Now I can create the pear config:
pear config-create ~/usr/ ~/.pearrc
pear config-set download_dir ~/usr/var/pear/cache/
pear config-set cache_dir ~/usr/var/pear/cache/
pear config-set temp_dir ~/usr/var/pear/temp/
With this configured, I can now run the install and it all worked fine:
pear install -o PEAR
pear install --alldeps Mail
pear install --alldeps Mail_mime
A quick check gives me:
[usr]> pear list
INSTALLED PACKAGES, CHANNEL PEAR.PHP.NET:
=========================================
PACKAGE VERSION STATE
Archive_Tar 1.3.3 stable
Auth_SASL 1.0.3 stable
Console_Getopt 1.2.3 stable
Mail 1.1.14 stable
Mail_Mime 1.5.2 stable
Mail_mimeDecode 1.5.0 stable
Net_SMTP 1.3.4 stable
Net_Socket 1.0.9 stable
PEAR 1.9.0 stable
Structures_Graph 1.0.3 stable
XML_Util 1.2.1 stable
The above worked for me, but Jacobo notes that he actually needed to do a full PEAR install, his notes are below in case you also need a from-scratch PEAR build (still assuming the PATH configuration listed above):
The version of PEAR that is currently available in DreamHost is so old that
Archive_Tar
, which is a dependency of the newer PEAR, will not accept to be
installed.
I wanted a clean PEAR installation, like the ones resulting from running pear
install -o PEAR
, but, ironically, first I needed a newer PEAR :)

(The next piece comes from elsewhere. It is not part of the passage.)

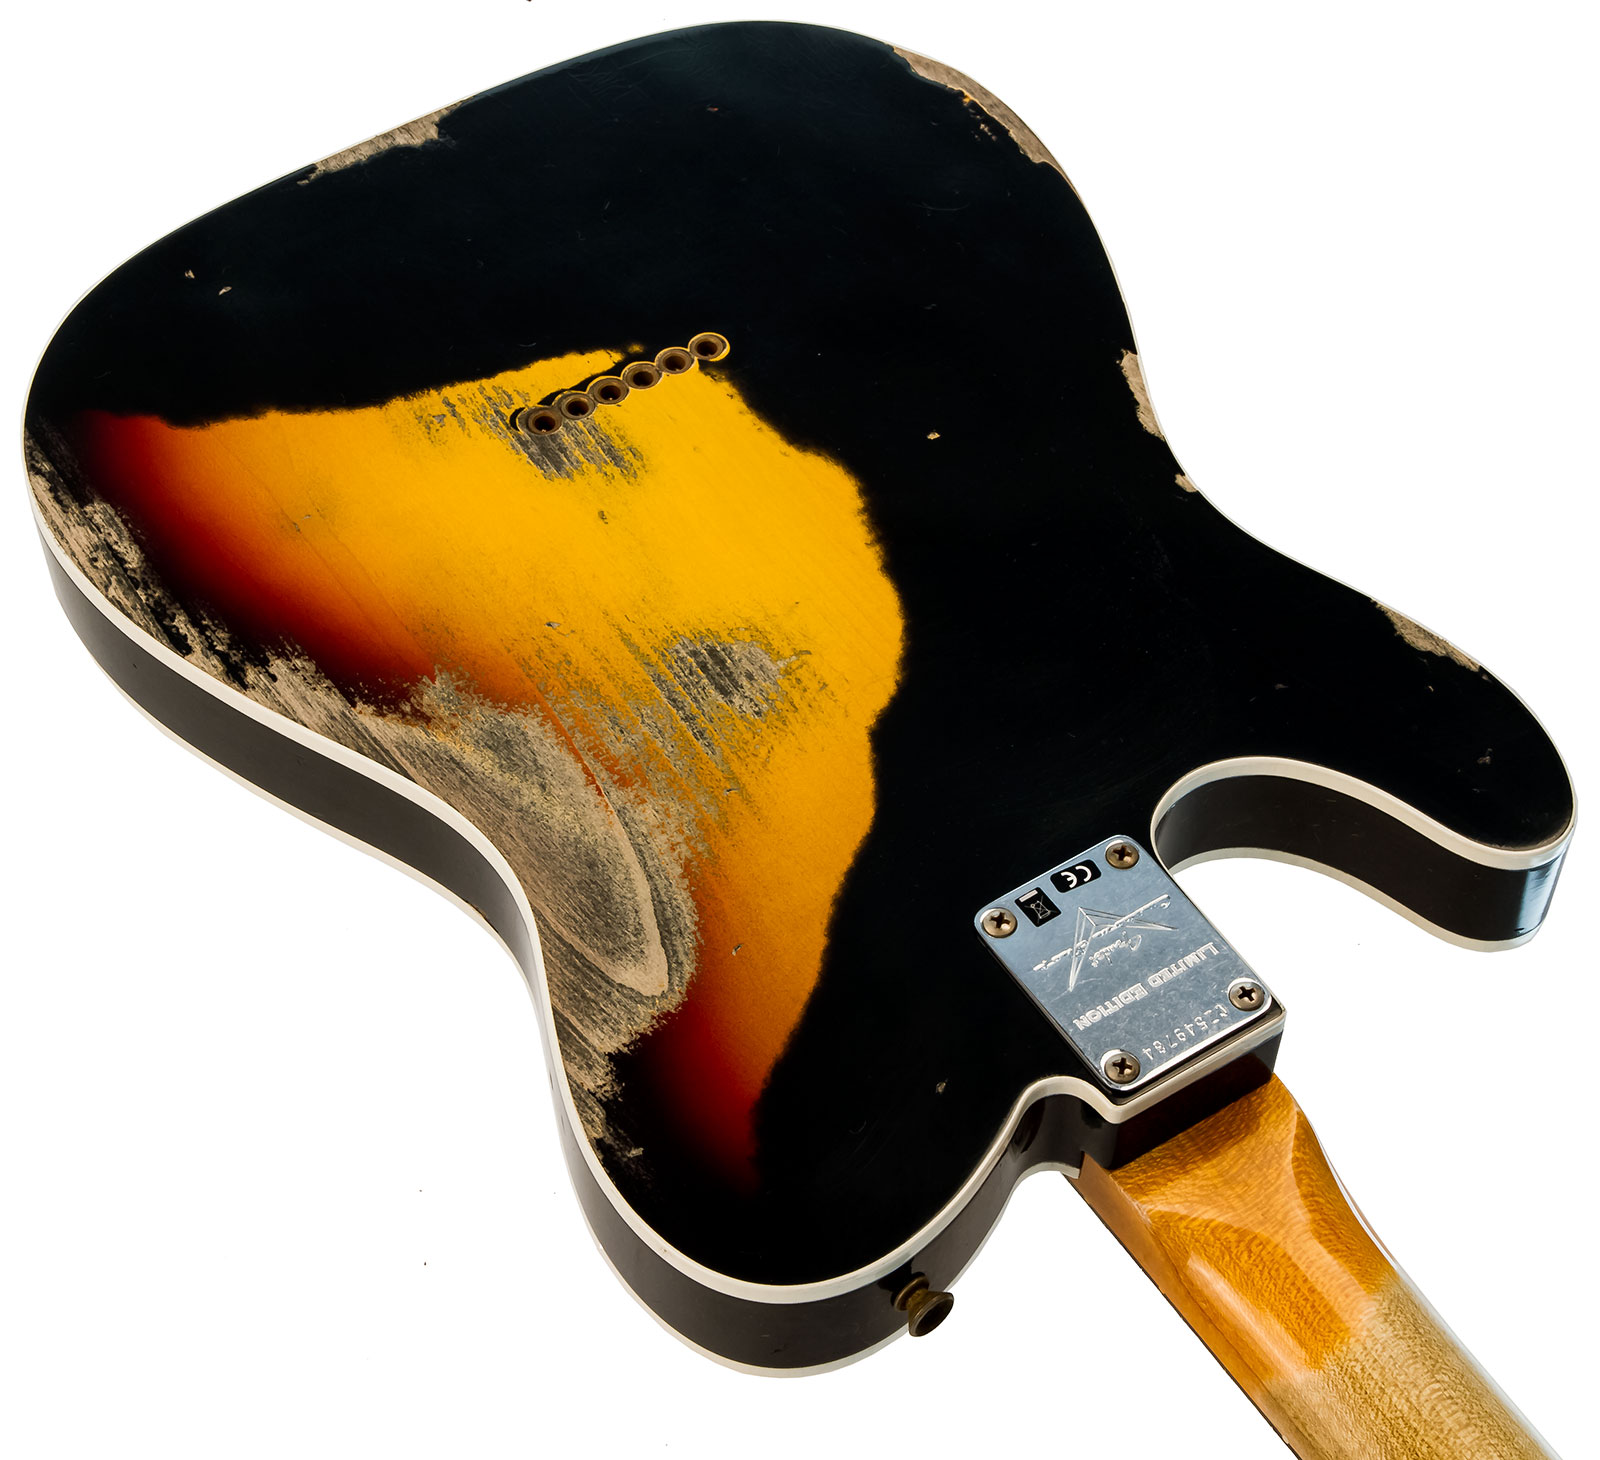 Fender Custom Shop Tele Custom 1960 Sh Ltd Hs Ht Rw #cz549784 - Heavy Relic Black Over 3-color Sunburst - Tel shape electric guitar - Variation 4

I created a temp directory ~/tmpear
and then ran this:
cd ~/tmpear
curl http://pear.php.net/go-pear | php
Said yes to everything but changed the installation prefix to be
$HOME/tmpear
. Once that was finished, ran this:
$HOME/tmpear/bin/pear config-create $HOME/usr .pearrc
$HOME/tmpear/bin/pear install -of PEAR
Notice the -f flag, otherwise it won’t reinstall it:
rm -rf $HOME/tmpear
I then installed the rest of the needed packages:
pear install -a Mail
pear install -a Mail_Mime
Install and configure Pluf/InDefero¶
Once I had the file layout ready, for the actual installation of Pluf and Indefero, I followed the instructions as listed in part 3 of the InDefero Dreamhost/Mercurial instructions pretty much to the letter. That section describes fairly well the changes needed to the generic InDefero install (explained here).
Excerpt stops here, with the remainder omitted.